PhD Courses in Denmark

AI Alignment, safety and security: Applications in Mental Health and Human-Centered Systems

DTU Department of Informatics and Mathematical Modeling

General course objectives:

The course trains early-career researchers in AI safety and security, with applications in mental-health and human-centred applications. It will offer a technically grounded exploration of AI alignment and safety, moving beyond harm prevention toward systems that exhibit context awareness, robustness, and (human, societal) values.
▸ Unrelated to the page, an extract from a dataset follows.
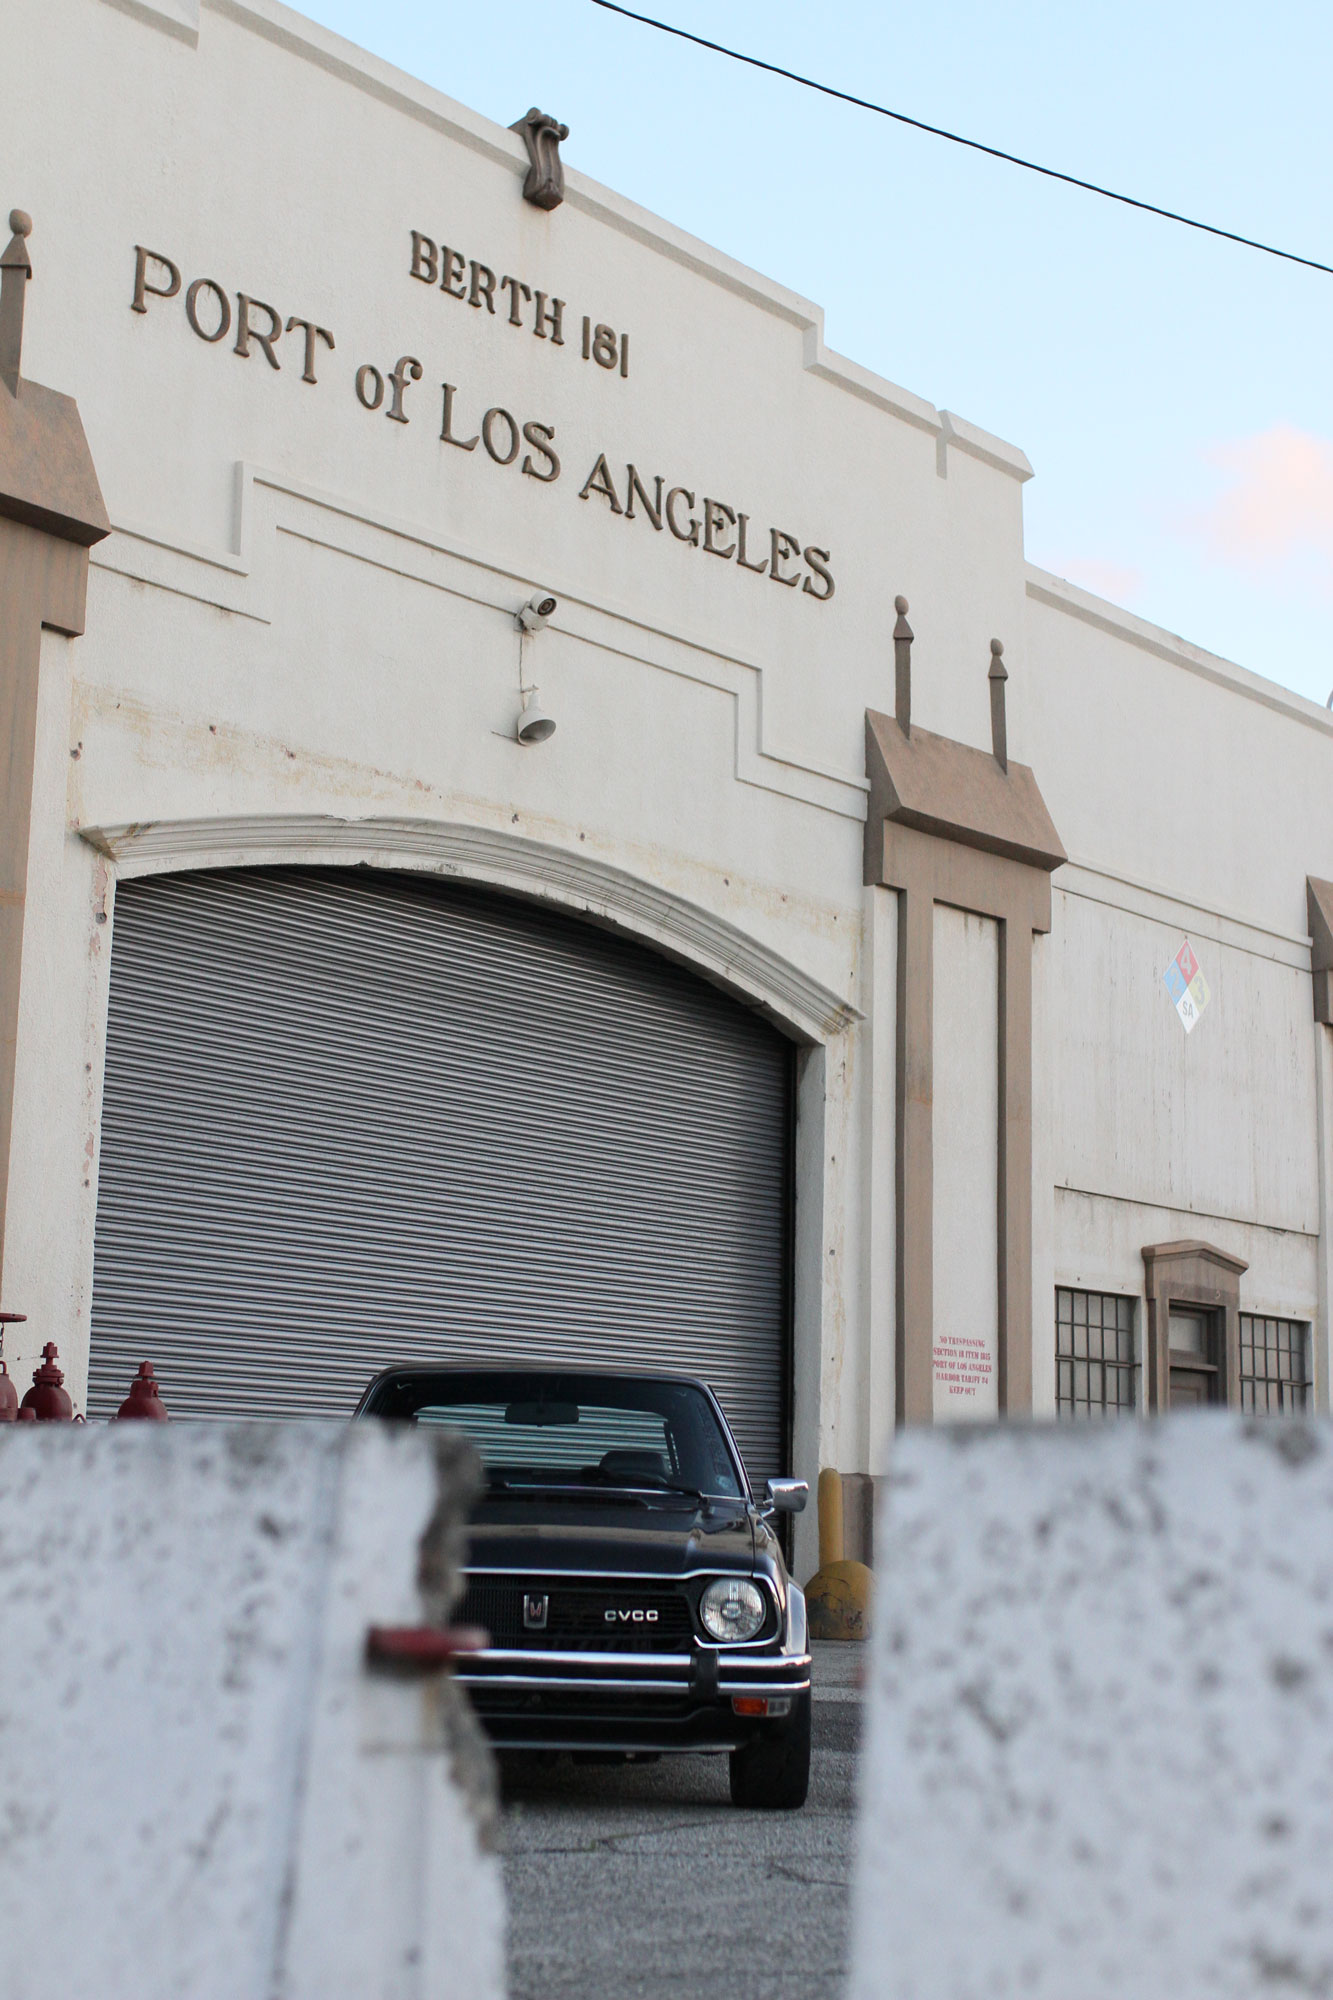 Vid Port of Los Angeles står Honda civic Cvcc från 1978

Using mental health as a motivating domain, it introduces methods and evaluation frameworks for building aligned, trustworthy, and human-centered AI systems applicable to other high-stakes areas. The emphasis is on critical and technical reflection, connecting advances in alignment research with the question of how AI systems can perform appropriately, transparently, and responsibly in human contexts.



Learning objectives:

A student who has met the objectives of the course will be able to:

  • Understand the theoretical and practical foundations of AI alignment and safety.
  • Formalize alignment objectives and implement them in frameworks.
  • Apply and compare evaluation techniques for robustness, bias, uncertainty, and failure modes and risks in sensitive applications.
  • Examine deployment considerations, including clinician- or human-in-the-loop design, monitoring, and oversight.
  • Critically reflect on the transition from safe to sensible AI: systems that act appropriately, not just safely, in human and societal contexts.
  • Analyse misalignment failure modes in large language and generative models, and understand how these arise from training data, objectives, and sociotechnical context.
  • Integrate qualitative and quantitative evaluation methods to assess model behaviour, appropriateness, and potential harms in human-centered or mental-health–related applications.
  • Collaborate in interdisciplinary settings, effectively communicating alignment challenges and insights across machine learning, psychology, clinical practice, and human–computer interaction.

Contents:

The course will comprise of two main parts, a) Technical foundations of AI alignment, safety and security, and b) Development and evaluation of aligned AI for mental-health and other human-centered applications. Indicative topics include: 1.​ Epistemological foundations of machine learning and the nature of alignment. 2.​ Safety, robustness, and security in large language and generative models, including adversarial behavior and control. 3.​ Value alignment in data, objectives, and feedback-driven learning. 4.​ Evaluation methodologies for trustworthy and human-aligned AI, including quantitative and qualitative approaches. 5.​ Cognitive and societal dimensions of alignment in human-AI interaction and decision-making. 6.​ Case studies from mental health, and assistive or decision-support systems. 7.​ Clinical, behavioral, ethical and philosophical perspectives linking technical alignment to human judgment and sensibility.